BEGIN Data section
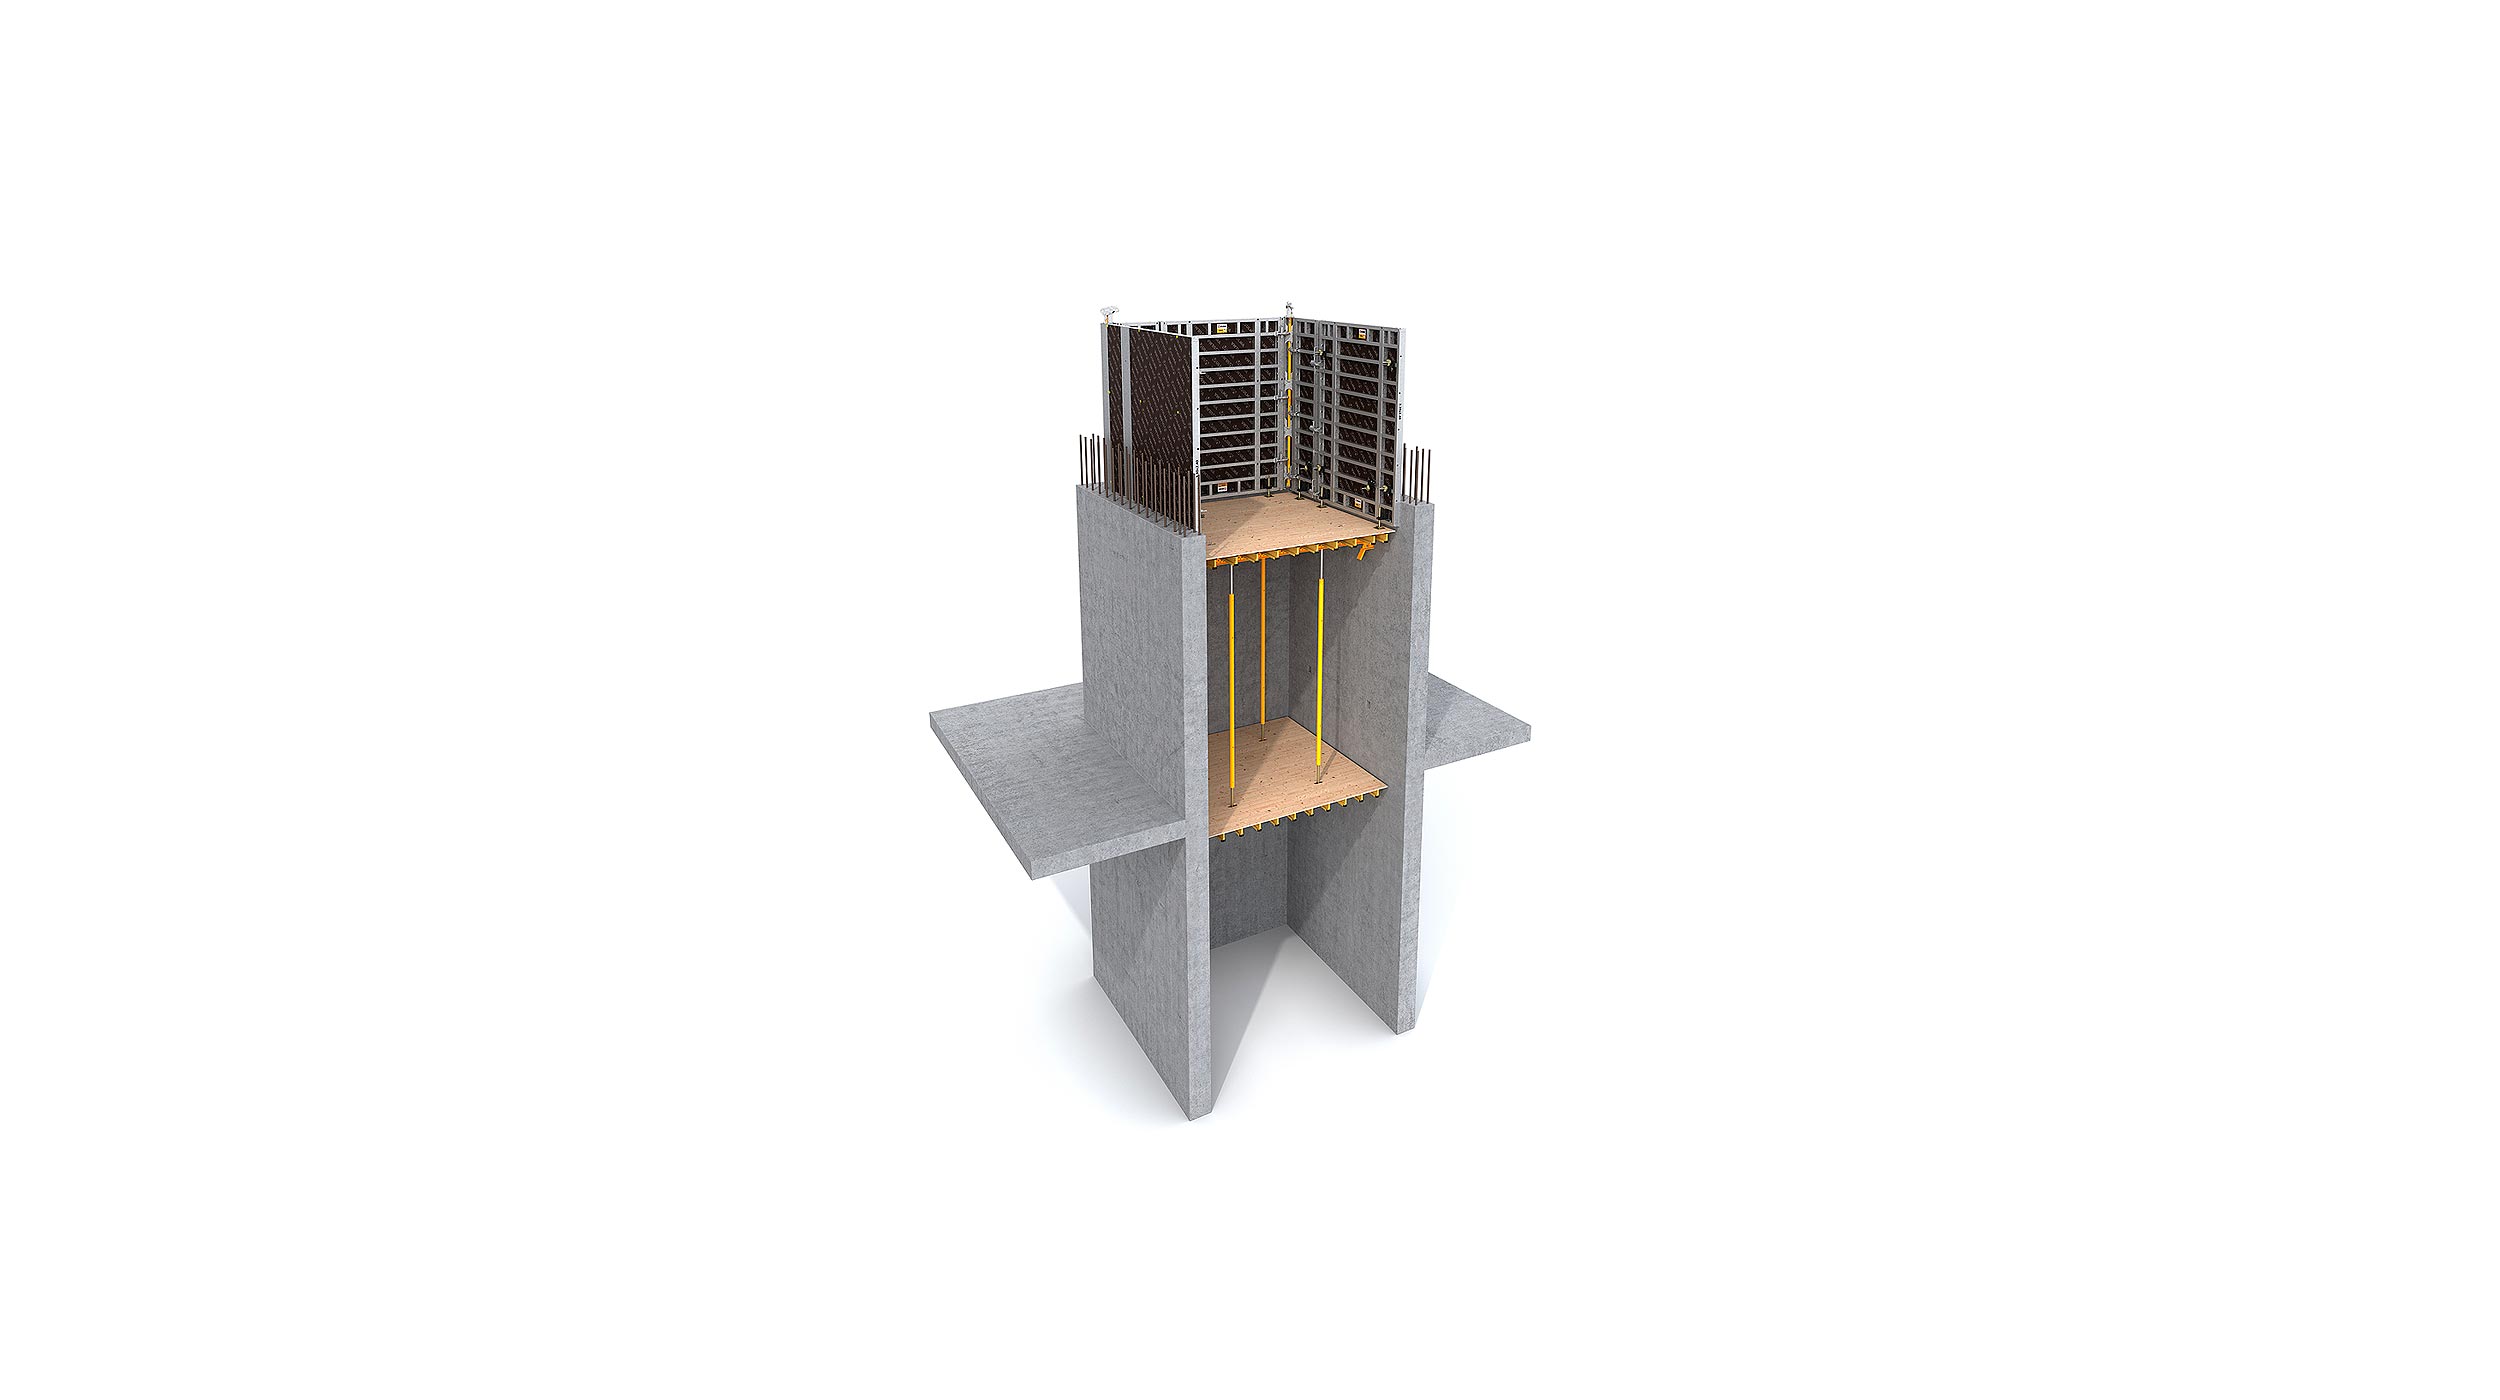 Una solución sencilla para el soporte de encofrado en huecos interiores. Indicada para huecos de ascensor y escaleras, columnas huecas etc.
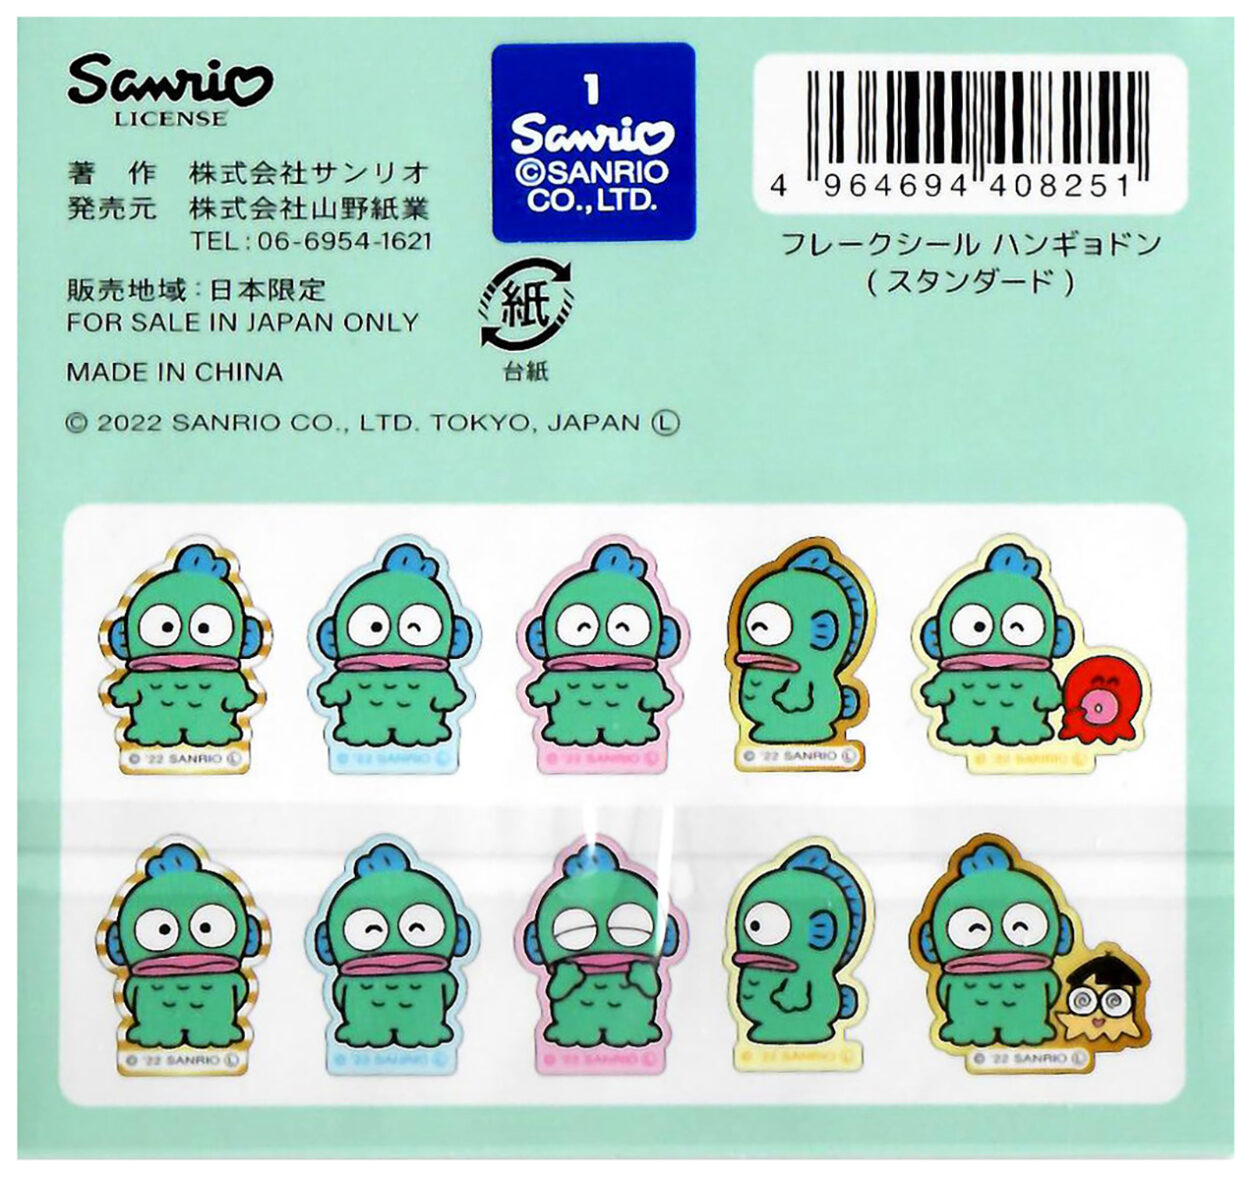 Sanrio-Hangyodon sticker sack2
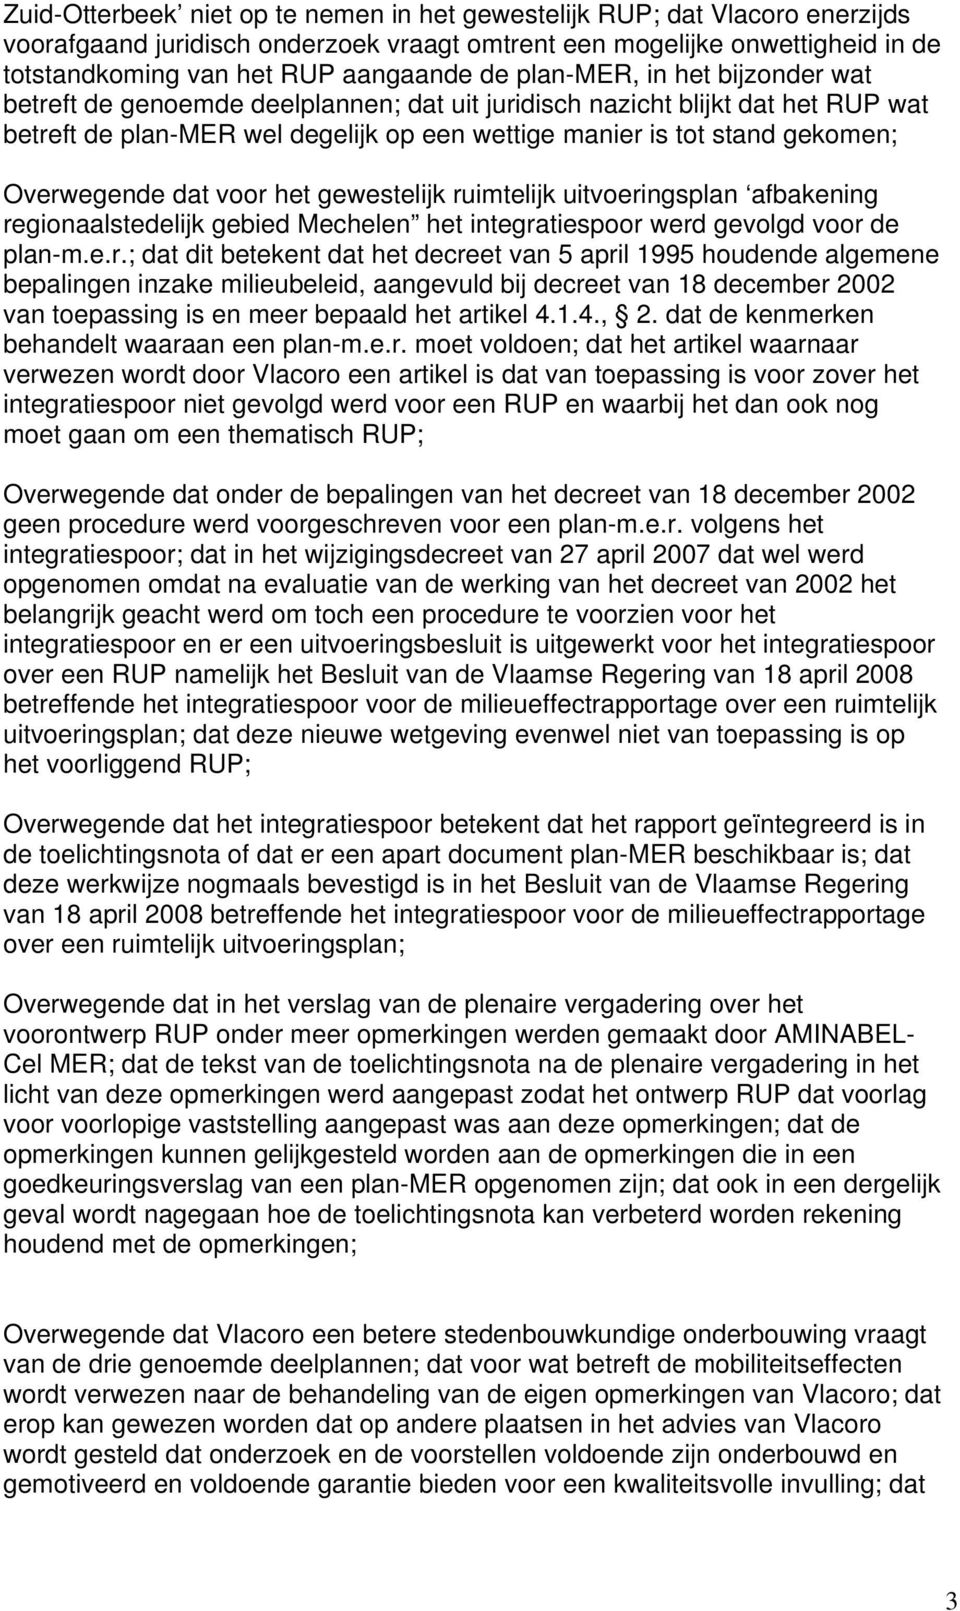 Overwegende dat voor het gewestelijk ruimtelijk uitvoeringsplan afbakening regionaalstedelijk gebied Mechelen het integratiespoor werd gevolgd voor de plan-m.e.r.; dat dit betekent dat het decreet van 5 april 1995 houdende algemene bepalingen inzake milieubeleid, aangevuld bij decreet van 18 december 2002 van toepassing is en meer bepaald het artikel 4.
END Data section
◆ Task ◆
Copy exactly the lines that run from the line containing "Sanrio-Hangyodon sticker sack2" to the end of the data above, keeping both end lines and leaving out all pictures.

◆ Answer to the exercise ◆
 Sanrio-Hangyodon sticker sack2
 Overwegende dat voor het gewestelijk ruimtelijk uitvoeringsplan afbakening regionaalstedelijk gebied Mechelen het integratiespoor werd gevolgd voor de plan-m.e.r.; dat dit betekent dat het decreet van 5 april 1995 houdende algemene bepalingen inzake milieubeleid, aangevuld bij decreet van 18 december 2002 van toepassing is en meer bepaald het artikel 4.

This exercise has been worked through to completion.